A ansiedade de quem sofre com sintomas, faz exames, mas não recebe uma resposta definitiva dos médicos pode ser pior do que a de quem descobre ter uma doença grave

Guilherme Pupo/Folhapress
Bruno Soares, 12, de Curitiba, tem uma caixa de exames em casa, mas nada de diagnóstico

MARIANA VERSOLATO
DE SÃO PAULO

Eles vivem tensos, com medo de uma piora repentina. Saem frustrados do médico ao ouvir: "Seus exames estão perfeitos". E esperam por um resposta, para saber o que têm e como tratar.
Não saber o diagnóstico de uma doença pode gerar mais estresse do que receber a notícia de que se tem um problema de saúde grave.
A constatação, de um estudo da Sociedade Norte-Americana de Radiologia, é confirmada por quem vive a angústia de não ter respostas para suas dores.
Conhecer a causa dos sintomas dá conforto ao paciente, porque tira o foco da ameaça da doença, diz o psiquiatra Renério Fráguas Júnior, do HC de São Paulo. "O problema passa a ter nome e prescrição médica."
Ceane Soares, de Curitiba, espera por um "nome" há 12 anos. Seu filho, Bruno, nasceu em 1998 e teve hipoglicemia no segundo dia de vida.

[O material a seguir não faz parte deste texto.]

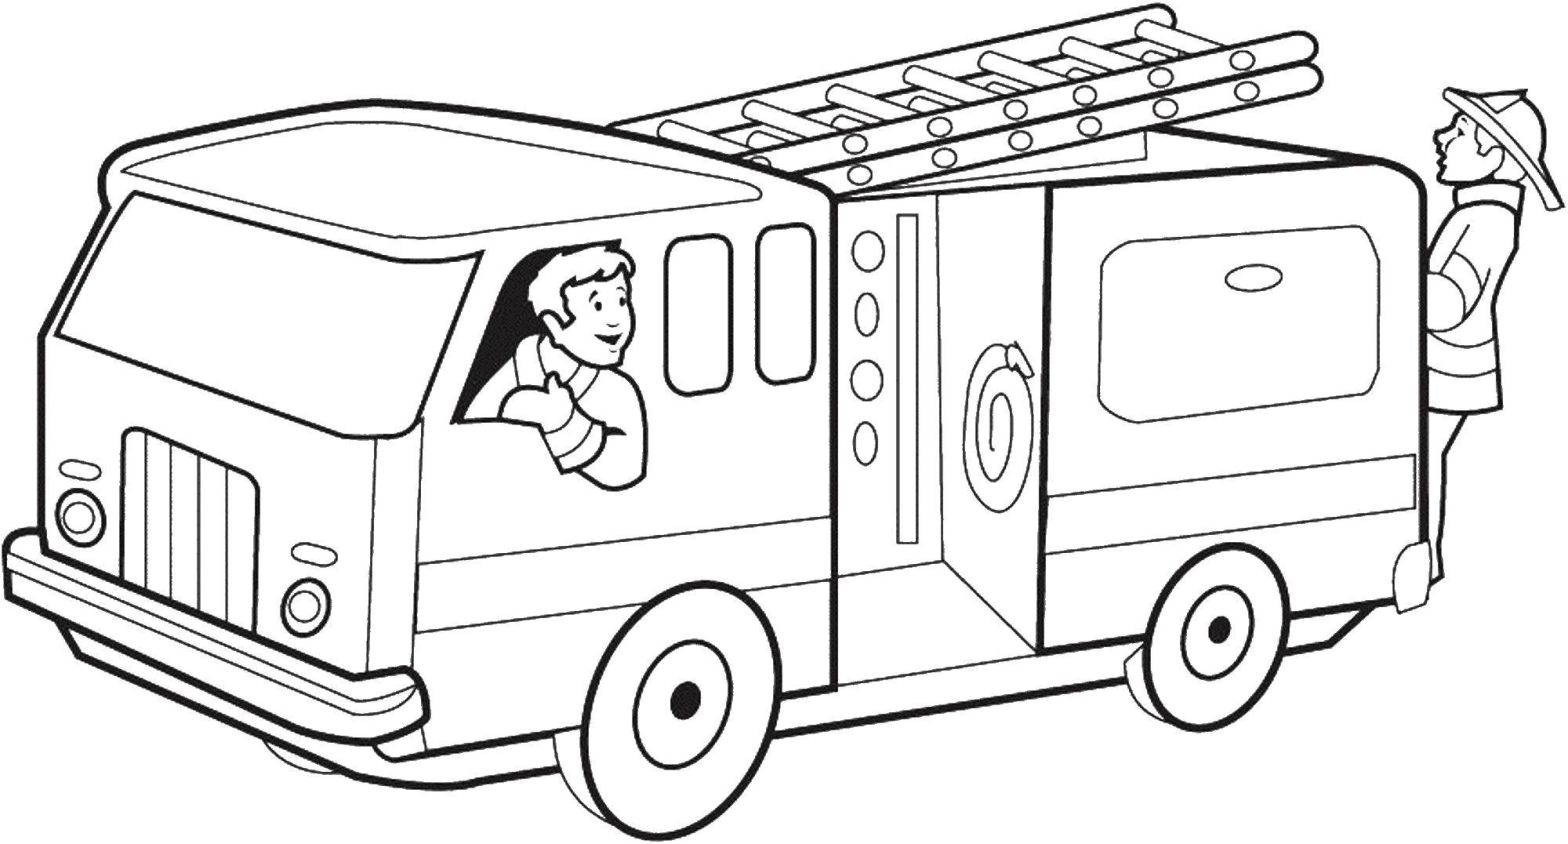 Раскраска пожарной машины для детей (пожарный, машина)

Aos seis meses, não ficava "durinho" e era apático, não sorria nem chorava.
Um neuropediatra constatou que ele tinha traços autistas. Meses depois, começou a ter convulsões que nenhum remédio controlava.
Bruno já recebeu os diagnósticos "mais cabeludos", diz a mãe, todos descartados.

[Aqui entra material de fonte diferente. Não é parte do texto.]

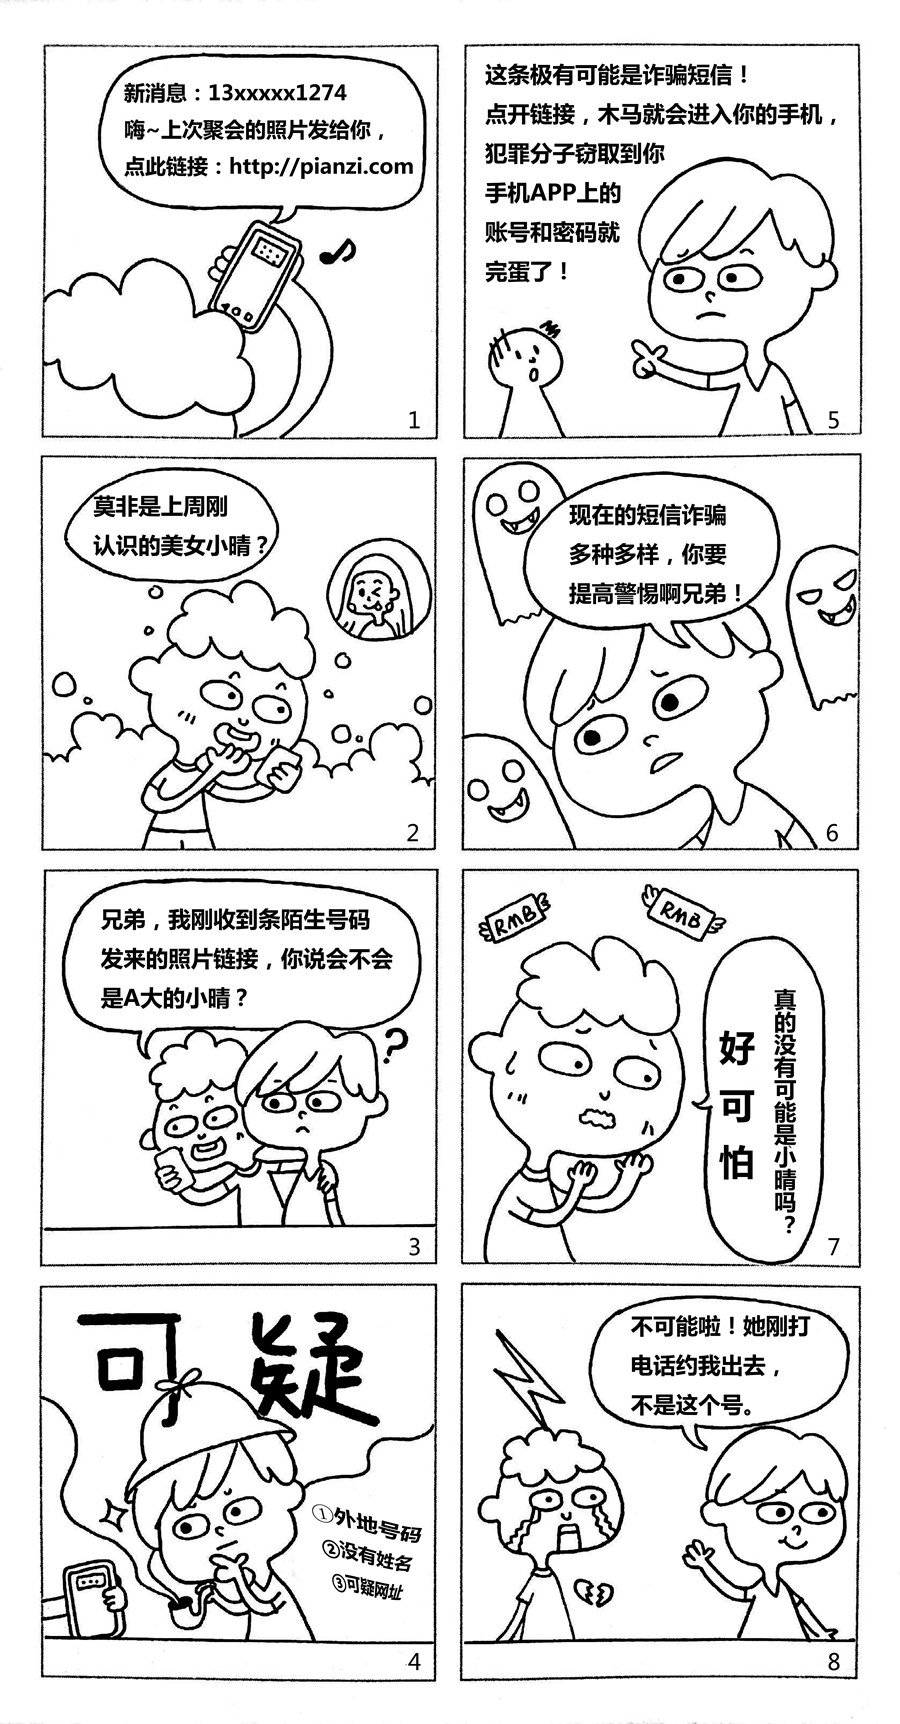 4短信诈骗_副本.jpg

Tanta investigação rendeu uma caixa de exames no guarda-roupa: tomografias, ressonâncias, avaliações genéticas, endoscopias.
"A gente o observa 24 horas por dia. Nunca sabemos se a medicação é a certa, se vai melhorar. Estamos andando sem saber para onde."

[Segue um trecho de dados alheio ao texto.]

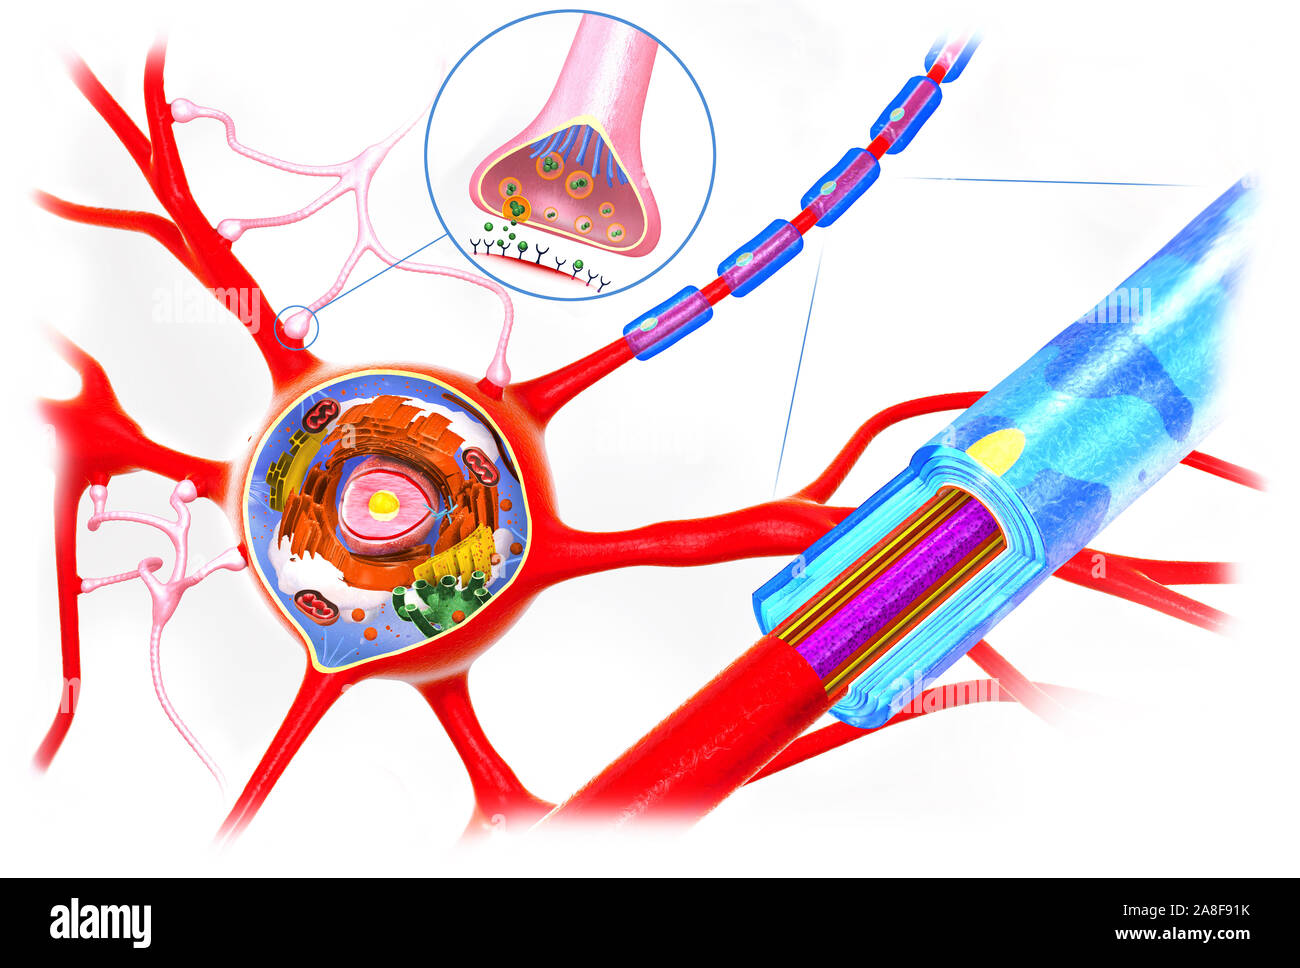 Anatomie des cellules nerveuses, illustration Banque D'Images

A sensação de estar perdido é compartilhada pelo professor J.S., 25, de São Paulo. Neste ano, ele começou a ter urticária. Foi a dermatologistas, alergistas, fez exames e foi internado com dores e inchaço no rosto e no corpo.
Em 45 dias, gastou quase R$ 1.000 em remédios, trocados a cada nova consulta.
Os médicos cogitaram imunidade baixa, estresse, sífilis e Aids. Exames para os dois últimos deram negativo.
J.S. também tem convulsões. Foi a neurologistas e cada um fez um diagnóstico. "Não saber o que acontece no próprio corpo assusta."

COMUNICAÇÃO
Infelizmente, é comum que urticárias fiquem sem solução, diz Ana Paula Castro, presidente da Associação Brasileira de Alergia e Imunopatologia de SP.
Exames de sangue detectam substâncias que causam alergia. Mas não há testes para várias delas, como remédios, corantes e conservantes. O diagnóstico é limitado.
Em casos sem solução, médicos e pacientes concordam: a ansiedade é pior quando a comunicação entre as duas partes é falha.
Profissionais que prescrevem drogas e exames sem explicar por que geram desconfiança nos pacientes.
A aposentada Maria Amália Moraes, 57, que passou quase a vida toda acordando com dores nos olhos e nas têmporas, reclama que sua relação com os médicos foi sempre superficial.
Quatro vezes ao ano, tomava antibióticos para uma suposta sinusite, mas achava que o problema tinha origem dentária. "Já gastei o valor de um carro na minha boca."
Foi uma dentista que acertou o que ela tinha: distúrbio temporomandibular (DTM), que a fazia apertar os dentes durante o sono. A solução é uma placa usada à noite.
A aposentada criou um blog para ajudar quem tem o problema (doressemdiagnostico.blogspot.com).
Maria Amália diz que torcia para que os exames achassem o problema. Quando isso não acontecia, saía chorando do consultório.
"Ficava desiludida. Ao mesmo tempo, agradecia a Deus por não ter nada grave. Achavam que eu inventava doenças, ninguém acreditava nas dores."